Whenever there is delay in a construction project, parties immediately look to the liquidated damages clause. This is understandable, as the Contractor carries the risk of delay resulting from events for which it is responsible, and that risk is usually quantified by the provision of liquidated damages.
However, where such events are caused by an act or omission by the Employer, the Employer bears the risk. In such event, unless there is a clear mechanism for extending the time for completion, the Employer’s right to levy liquidated damages will fall away.
It is for this reason that most standard form contracts usually provide for an extension of time mechanism which allows for the time for completion to be extended upon an event of prevention or impediment by the Employer.

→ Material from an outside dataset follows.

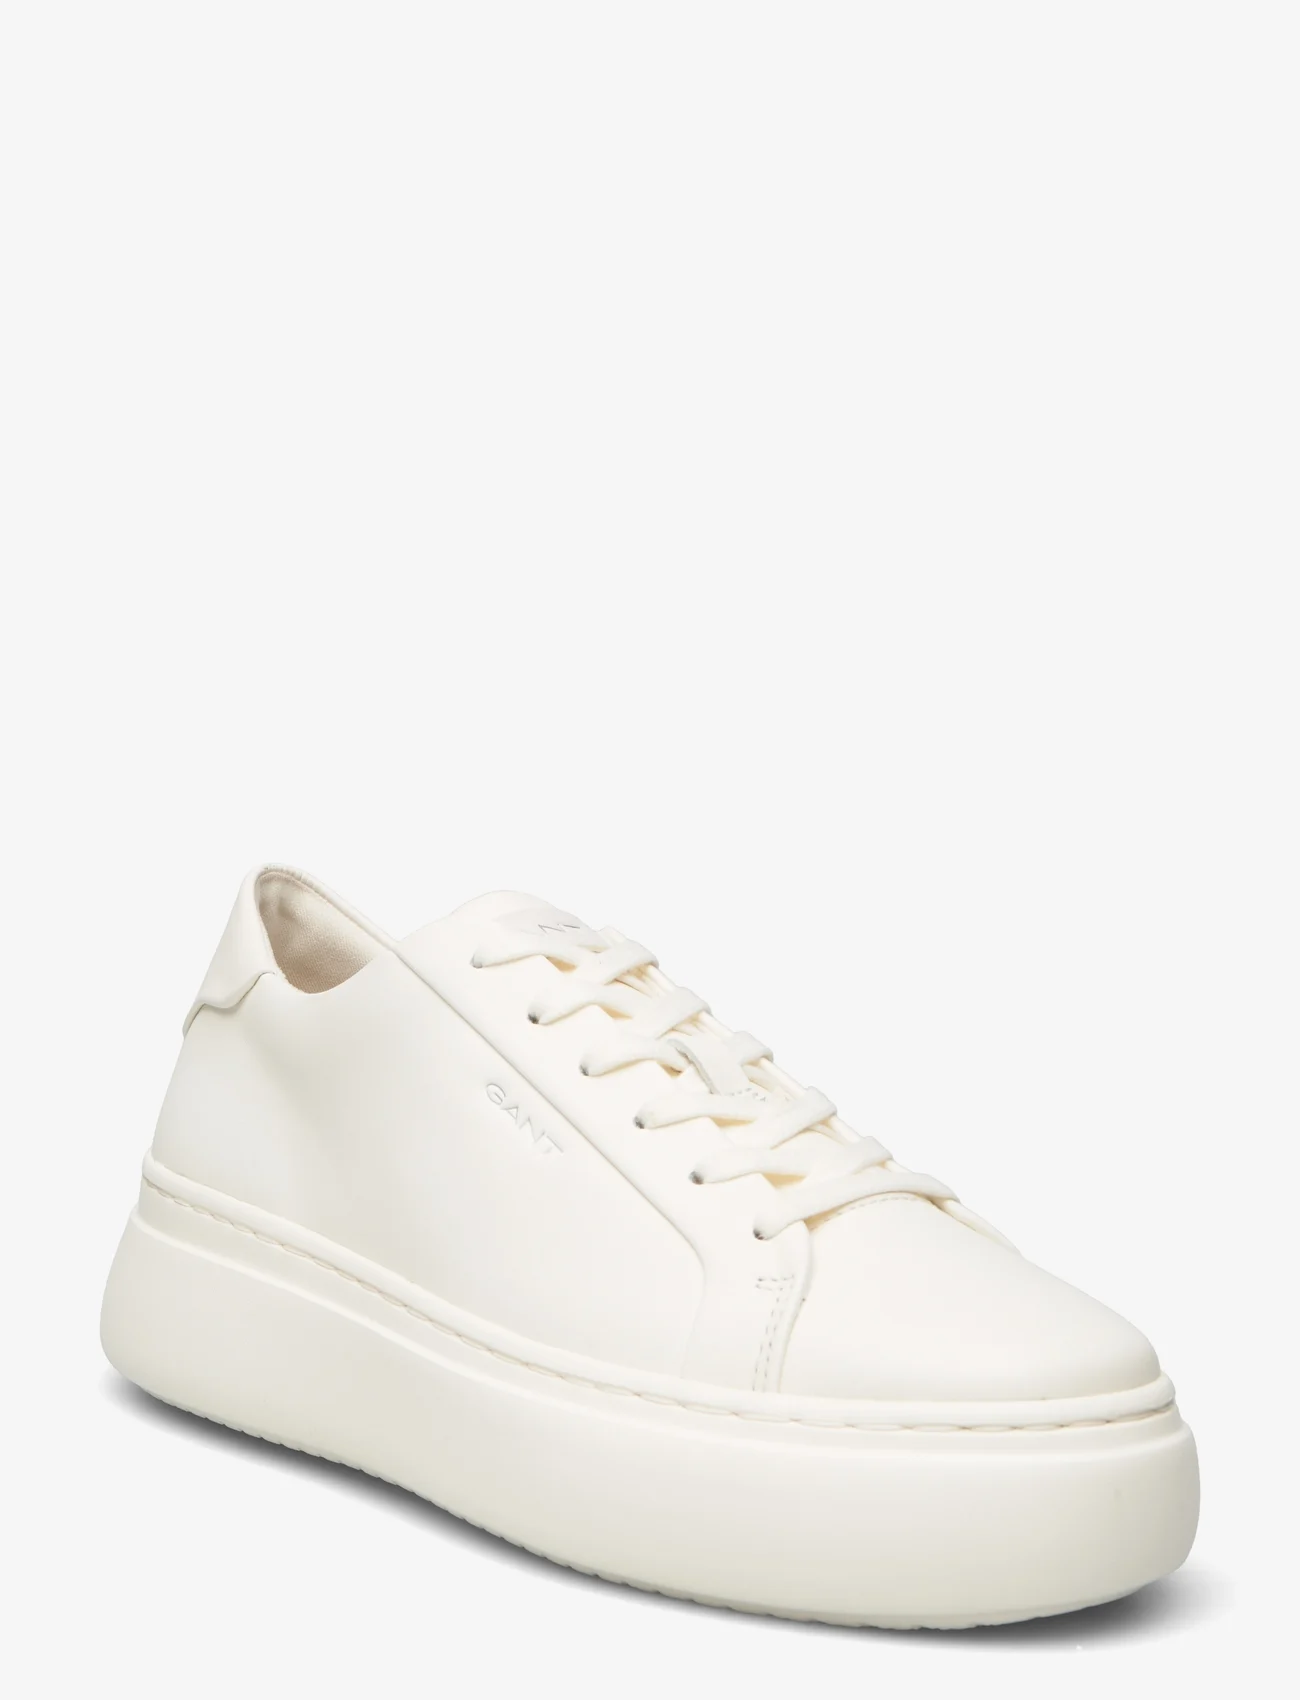 GANT - Jennise Sneaker - lage sneakers - white - 0

The purpose is primarily to enable the Employer to protect its right to potential liquidated damages in the event of its own default.

What happens then? If there is no workable contractual mechanism to set a new completion date following a delay caused by the Employer, time will be said to be ‘at large’. The effect of time being at large under most common law systems (including under Indian law) is that completion must occur within a reasonable time. But a ‘reasonable time’ is not certain enough a date to enable liquidated damages to be levied if there is delay beyond that date; therefore, the Employer will lose his right to levy liquidated damages and must prove his losses arising from any delay that can be attributable to the Contractor as ‘general damages’.
It is for this reason that Contractors like time at large arguments. It is often difficult for Employers to prove how much damage it has suffered – particularly on infrastructure or public works contracts. Liquidated damages are therefore an attractive proposition for Employers in such contracts.
However, it is not easy to demonstrate that time has been set at large and Contractors should be aware of the important distinction between cases where the contract has failed to provide for a proper mechanism for extending time and where the mechanism provided has not properly been operated.

Failure of the contractual mechanism
The Australian case of Gaymark Investments Pty Ltd v Walter Construction Group dealt with a situation where the Contractor failed to comply with the notice provisions for requesting an extension of time. The requirement for notice was stated to be a condition precedent to the Employer’s ability to grant an extension of time.
As a result of the Contractor’s failure to give such notice, the Employer was unable to extend the time for completion and thereby preserve his right to liquidated damages.
Gaymark is an odd decision, and it is doubtful whether it represents the law in other common law jurisdictions. Generally the principle setting time at large applies only if the contract fails to provide for a workable mechanism for time to be extended for acts of prevention by the Employer. In contrast, if the contract provides for such a mechanism but the Contractor fails to operate it (by properly requesting an extension of time), it does not amount to a failure of the contractual machinery and therefore, liquidated damages should still be recoverable by the Employer.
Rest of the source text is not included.